Scott, _(if you see this thread)_

I just received the Hartco "930 Equalizer" SandMask today! 
(Thanks for the last sample in your stock.) 

I will test it out on my Graphtec CE5000-60 & my KNK Groove-E cutter.

I KNOW that the KNK Groove-E cutter will cut it - w/ its 950g down force - but I am interested in how my Graphtec will perform. 
I will post the results soon.


----------



## sjidohair (Apr 9, 2008)

Mrs B , 
YOu should have no problem cutting it,, it will cut nicely for you, 
Have fun.


----------



## thetnet (Dec 21, 2008)

ashamutt said:


> WELCOME!!!
> 
> I use "Hartco sandmask material" and I purchase it from Signwarehouse.com .
> 
> ...


Does this work well with SS5 stones too? I am using Hartco sandblast too but I don't remember which model.

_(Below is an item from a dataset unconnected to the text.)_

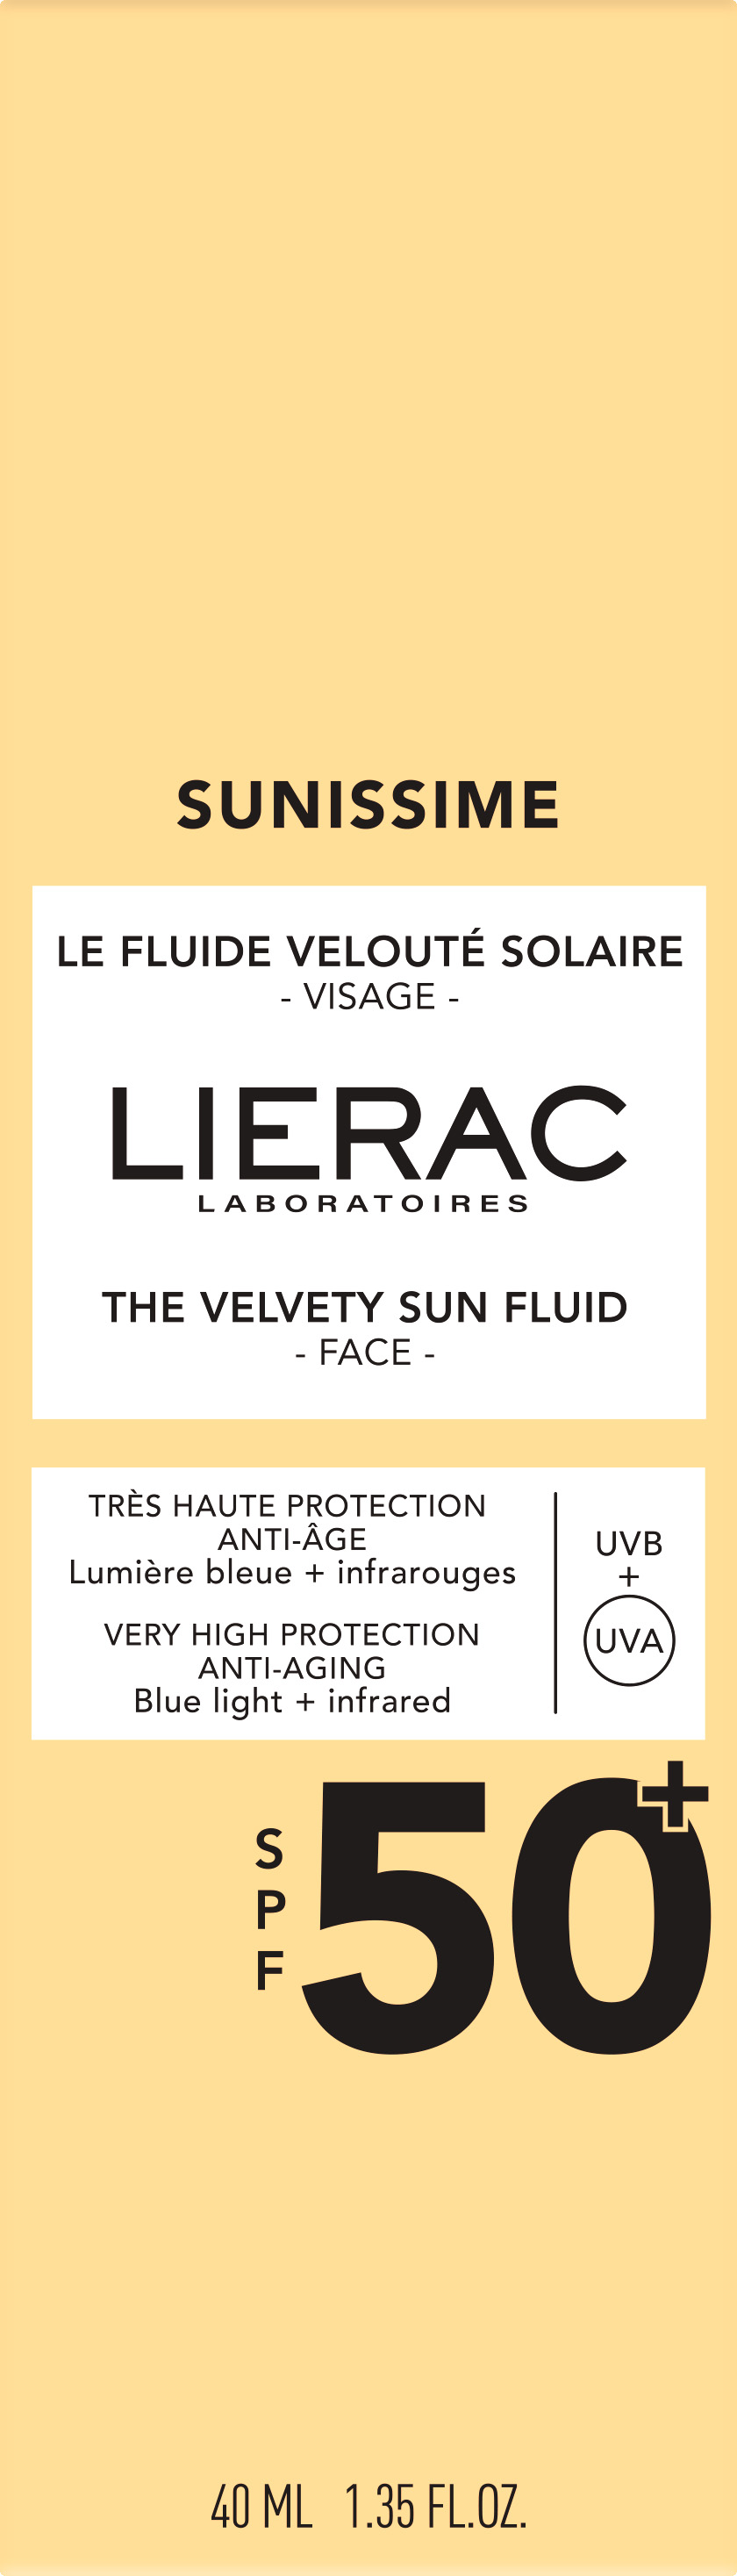 Сонцезахисний флюїд Lierac Sunissime SPF 50+ для обличчя 40 мл - фото 2

It seems the one I have is too thick (2 stones fall into the same hole...)

Also, do you have any problem with the stones get stuck in the hole because of the sticky stuffs underneath the sandblast?

Thanks in advance!


----------



## ashamutt (Feb 22, 2008)

thetnet said:


> Does this work well with SS5 stones too?


I have only used ss6,10,16 & 20 with the Hartco 425 sandmask material.
Everything works perfectly.

I have never heard of ss5 stones....ss4 yes , but not ss5.

If there is such a thing as ss5(_might you have ss4_?) then I would imagine you would need a little thinner material.....Vinyl may even work! 
(or one thickness down from the material I use... the Hartco 310)






thetnet said:


> I am using Hartco sandblast too but I don't remember which model. It seems the one I have is too thick (2 stones fall into the same hole...)


You really need to find out exactly what you are using......but since it seems too thick you will need a thinner material. 





thetnet said:


> Also, do you have any problem with the stones get stuck in the hole because of the sticky stuffs underneath the sandblast?
> 
> Thanks in advance!


With the ACS black material I have a problem w/ the "sticky stuff" ...but a light dusting of powder will take care of that.

With the Hartco sandmask I have no problem with the "sticky stuff". 



Oh....WELCOME to the forum!!


----------



## rhinestonelady (Mar 15, 2009)

Does anyone know where I can purchase a couple of feet of the Hartco 425? I want to test it before buying a roll. Thanks!


----------



## SandyMcC (Jul 23, 2009)

rhinestonelady said:


> Does anyone know where I can purchase a couple of feet of the Hartco 425? I want to test it before buying a roll. Thanks!


You can buy a 3' piece here. Click on Green Motif Rubber.


----------



## Coco-Teez (Jan 19, 2009)

Today, I was just informed by a sales rep at Signwarehouse that there is a new stencil material that is made specifically for creating rhinestone templates. They call it RHINESTONE STENCIL (15" x 10 yd roll)
I haven't purchased it yet but wanted to share the info.
Rhinestone Stencil - 15" x 10 yd roll - Sign Supplies and Equipment


----------



## lizziemaxine (Nov 14, 2007)

Coco-Teez said:


> Today, I was just informed by a sales rep at Signwarehouse that there is a new stencil material that is made specifically for creating rhinestone templates. They call it RHINESTONE STENCIL (15" x 10 yd roll)
> I haven't purchased it yet but wanted to share the info.
> Rhinestone Stencil - 15" x 10 yd roll - Sign Supplies and Equipment


I tried to order that product directly from Graphtec about 2 weeks ago and they were out of stock on it.


----------



## Twanabee (Sep 14, 2009)

I use the pink with my 5000-60 and it works great. You can find it other places, just do a google search. They are all about the same price. I don't think this is new material as I have used it for about a year.


----------



## Coco-Teez (Jan 19, 2009)

Here is another vendor that sells the Graphtec Rhinestone Stencil Material by the roll.
Graphtec Rhinestone Stencil Material | Specialty Materials | Advanced Color Solutions

It shows a picture of a rhinestone template.


----------



## superfly1607 (Feb 23, 2010)

I have a graphtec also and it works great for cutting templates. 

Here are my materials:


Stencil Material: Direct from Graphtec or dazzlingdesignsinc.com
Graphtec Recommended Blade & Holder: Aftermarket is a lot cheaper
Stencil Mounting Boards: Bulk from bdmatboard.com...all you need is some type of hard stock or foam core.
Hope that helps.


----------